Italy’s caretaker government said on Saturday it would pay 40 billion euros (US$51.6 billion) that the state owes to private companies over the next 12 months, while vowing to stick within the EU’s deficit limit.
The Cabinet approved a decree intended to provide funds to cash-strapped firms and help tackle a deep recession in the eurozone’s third-largest economy.
However, some industry groups said it would be difficult for businesses to claim their money despite the measures.
The massive backlog of bills unpaid by Italy’s public administration has long been a complaint by companies, which are having increasing difficulty raising credit from banks that are facing increasingly tight credit conditions themselves.
Italian Prime Minister Mario Monti said on Saturday that delayed payment of bills was “an unacceptable situation that has been accepted for a long time.”
Monti, who continues to lead a caretaker government after an inconclusive election in February, has been in talks with the European Commission, which is concerned about the impact the decree will have on Italy’s deficit and its massive public debt.
The measures were originally due to be approved on Wednesday last week, but were delayed because of doubts over how they would be funded.
Monti said on Saturday that the government was committed to remaining within the EU’s fiscal deficit ceiling of 3 percent of GDP.

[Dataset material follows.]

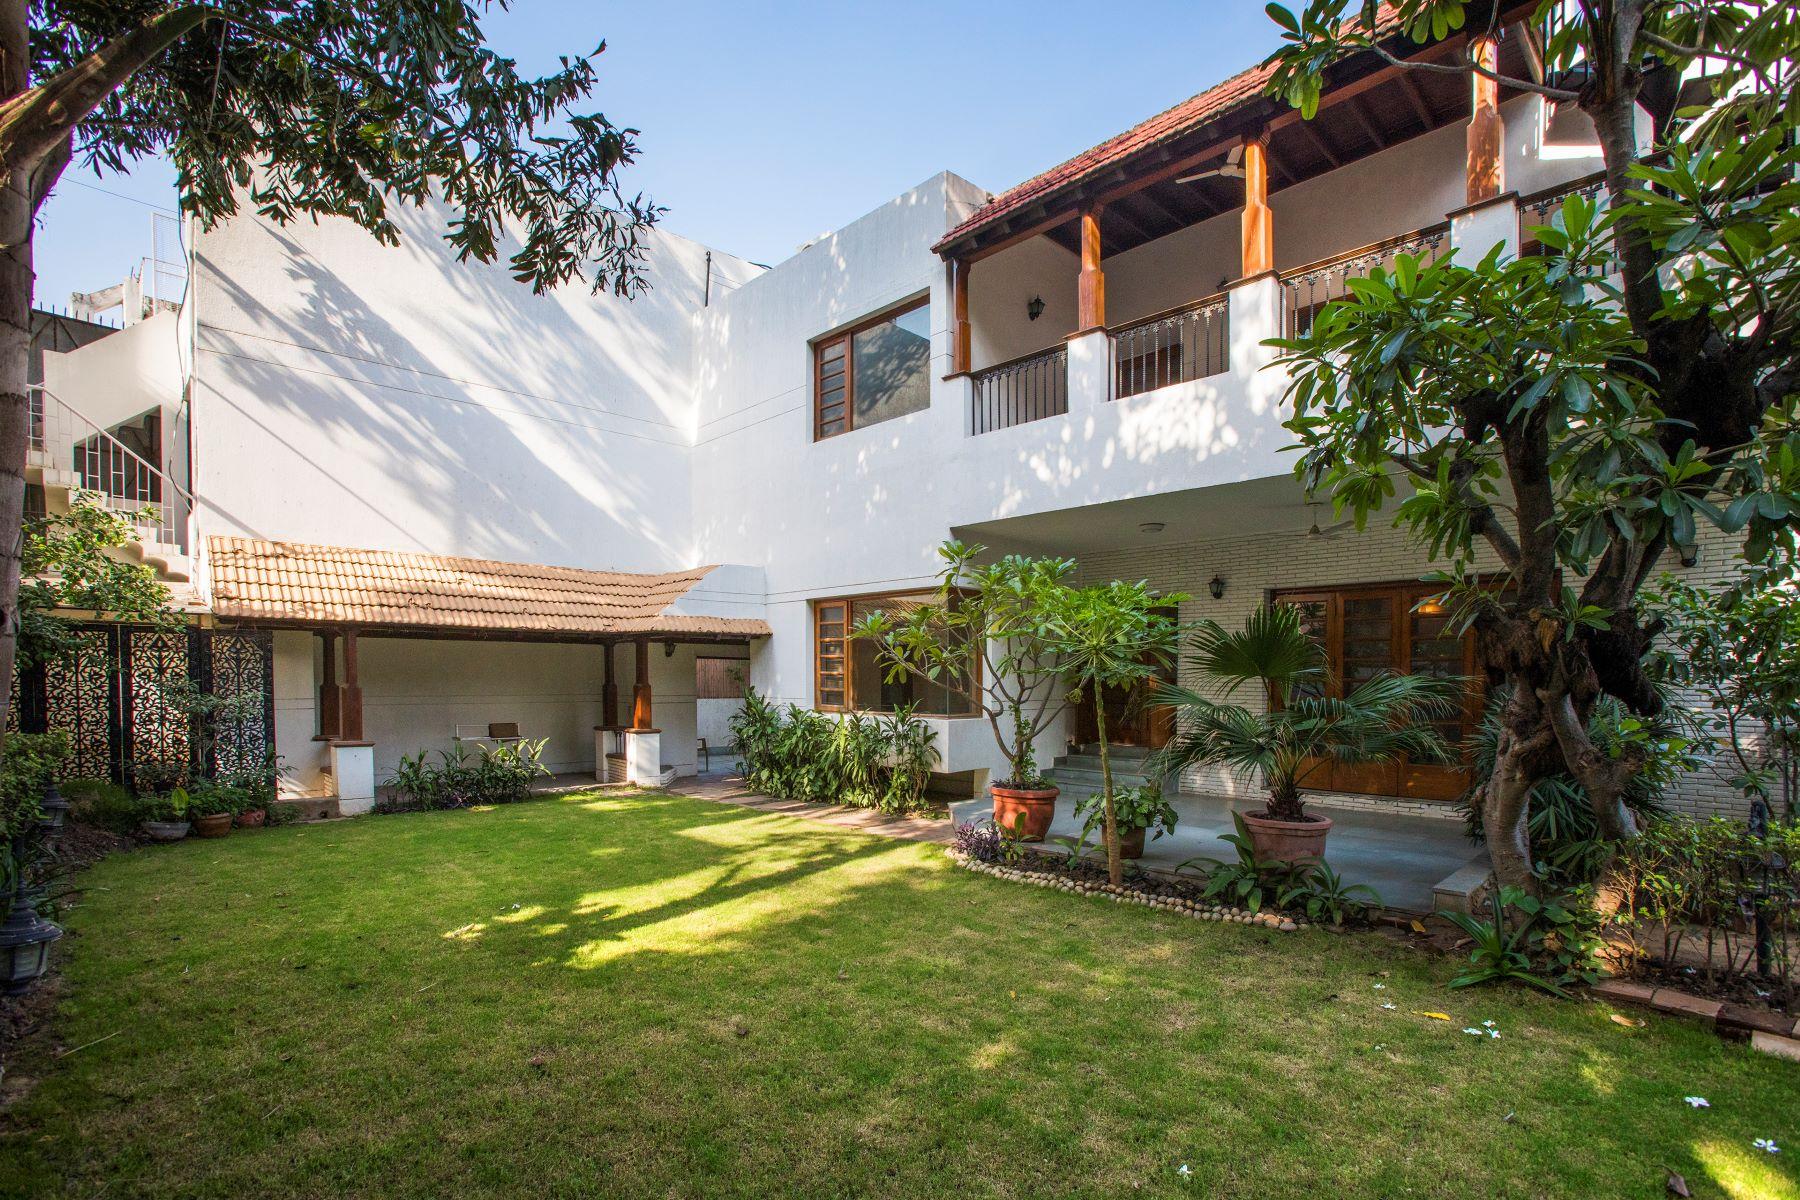 Other Residential for Sale at Panchsheel Park- Lavish Bungalow Panchsheel Park New Delhi, Delhi 110017 India

“Economic policy is not changing course, and we don’t believe that to revive the economy you have to create more public debt,” he told a news conference.
Last month the government eased its deficit target for this year to 2.9 percent of GDP from a previous target of 1.8 percent, partly to allow the payments to private firms.
Local authorities lacking their own resources to pay bills will receive money from the central state and will be asked to set out a comprehensive plan to reimburse it within 30 years.
“We have to follow a path between the two requirements: to help our economy to recover ... and to maintain budget discipline,” Italian Minister of the Economy Vittorio Grilli said. “It’s a narrow path, but a path that is absolutely viable.”
Grilli said the government planned to examine its fiscal performance again in September and the economy ministry would be able to adopt corrective measures if the deficit looked likely to breach the “precautionary” limit of 2.9 percent.
He said payments to companies could begin as soon as the decree is published officially, expected as early as today.
Grilli is due to meet European Economic Affairs Commissioner Olli Rehn in Brussels today to explain the new measures, a government source said.
Monti said he was hopeful Rome would be able next month to exit the European Commission’s excessive deficit procedure, which imposes corrective measures on countries that exceed the deficit threshold.
Italy has been in political limbo for weeks, with no party able to form a government while economic problems pile up.